In 2013, Steve Addazio took over in his first season as Boston College head coach, and Ryan Day began running the offense, instituting a run-heavy offense. Williams had 2,177 rushing yards on a team that netted 2,762. As a team, the 2013 Boston College running game produced 212.5 yards per game, and Andre accounted for almost 79 percent of those yards.

Things changed drastically in 2014 without him. Through four games, Boston College already has 1,345 rushing yards, or 336.25 yards per game. Those yards, however, are diversified. Quarterback Tyler Murphy is the team’s leading rusher with 500 yards, or 37.2 percent of the total.

In fact, six Boston College rushers have at least 100 rushing yards already. In 2013, only three players had triple-digit yardage for the whole season, and the quarterback was not one of them.

This Boston College running game has a new dimension named Tyler Murphy, but it also has depth. In the days of Andre Williams, the Eagles knew they could rely on him, and go sparingly to Myles Willis and, to a lesser extent, Tyler Rouse. Dave Dudeck would have been behind them, and they were not going to run it with Chase Rettig unless absolutely necessary. That was the full extent of what they had.

Sep 5, 2014; Boston, MA, USA; Boston College Eagles running back Jon Hilliman (32) warms up prior to the game against the Pittsburgh Panters at Alumni Stadium. Mandatory Credit: Gregory J. Fisher-USA TODAY Sports

Now, Boston College has any one of six players that they can trust with the football and who can do good things. Despite the fact that all except Murphy are underclassmen, this Boston College running game has some notable talent. This has the side effect of giving opposing defenses a number of different looks and forcing them to have to gameplan for half a dozen rushers.

The statistics are going to fluctuate throughout the season, but when all is said and done, the Boston College running game will be very productive, perhaps more productive in terms of overall yardage than last season. Much of that has to do with the stability and seniority of the offensive line, which has played three good games out of four so far.

Otherwise, part of it is relying on the passing game less. If necessary, Rettig could throw for 200 yards in a game under Addazio, and did on a few occasions. Murphy will not be asked to do that, and quite frankly, the passing game is such a liability for this team that they probably couldn’t if they tried.

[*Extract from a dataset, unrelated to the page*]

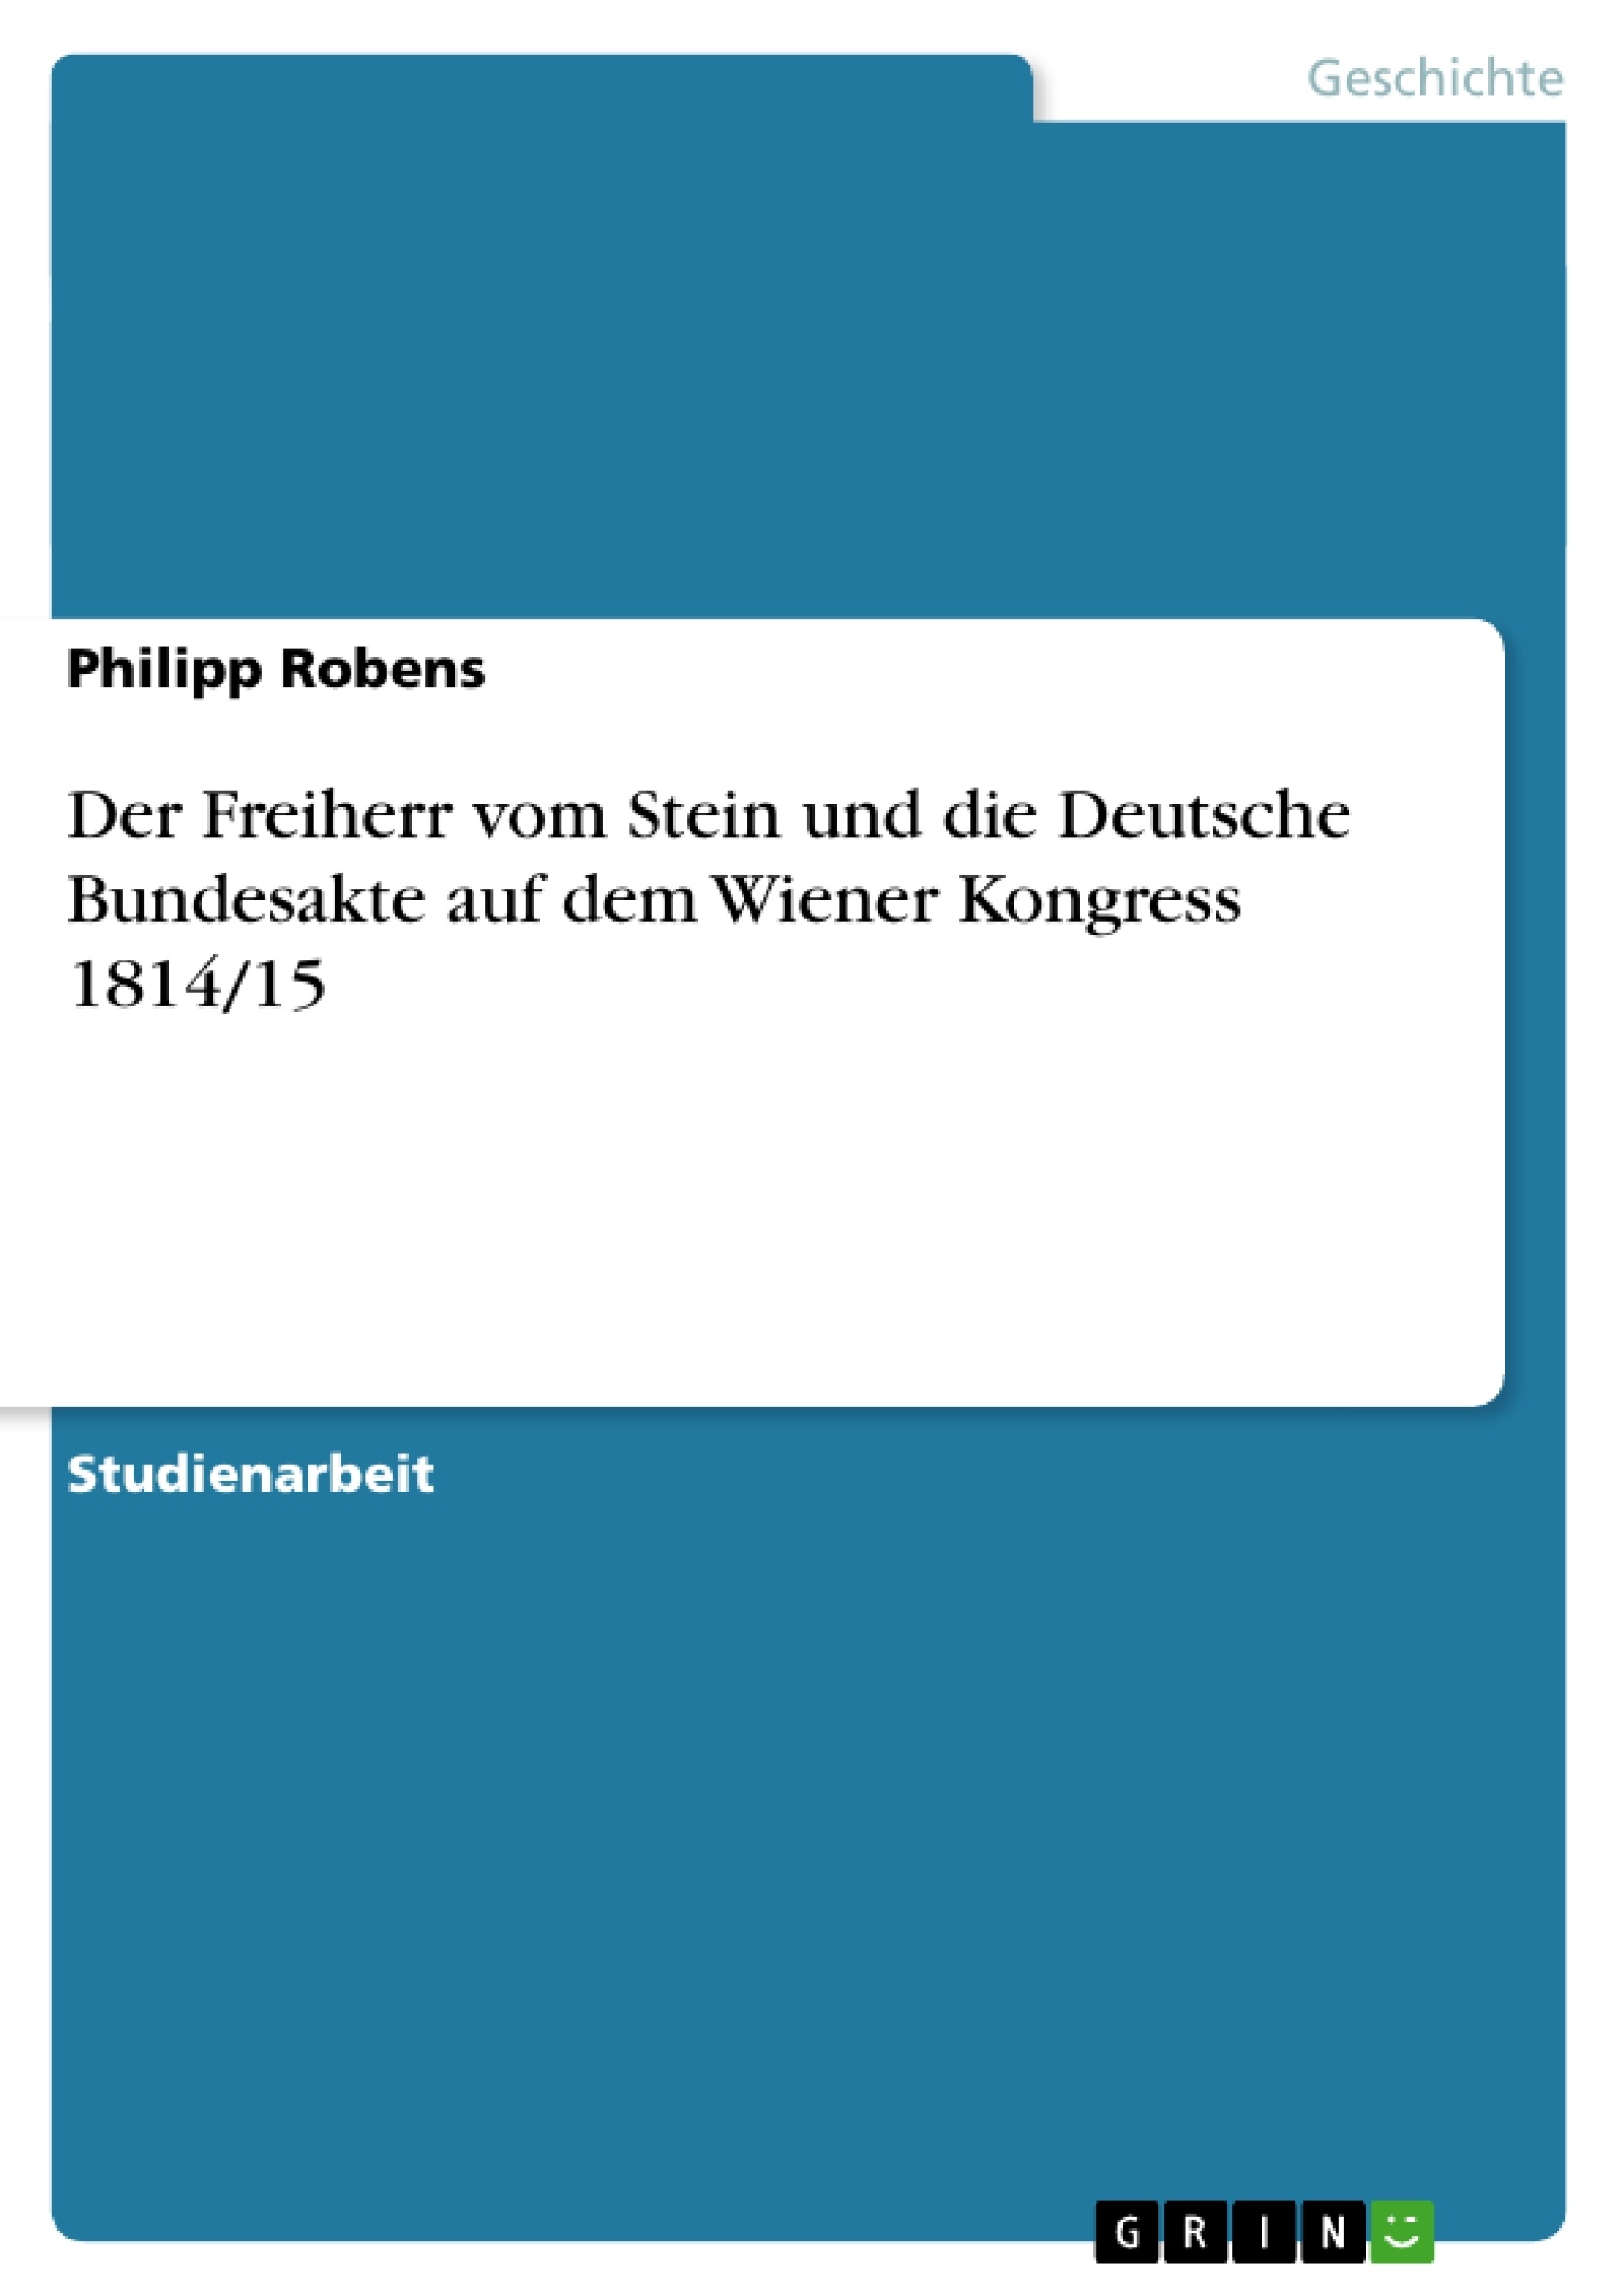 Título: Der Freiherr vom Stein und die Deutsche Bundesakte auf dem Wiener Kongress 1814/15

Yet, instead of one great running back carrying almost all of the load for the Boston College running game, there are about six good players sharing it, with excellent results so far. From the first game against UMass, the Eagles elected to do a running-back-by-committee thing, and it is working well. The Eagles beat USC this way, and if it ain’t broke, don’t fix it. This team does not need an Andre Williams figure to do it all himself.

It is too soon to say whether the 2014 rushing offense will be “better” than last year, but there is the definite possibility that it will be more productive. With this new infusion of depth, the future is very bright.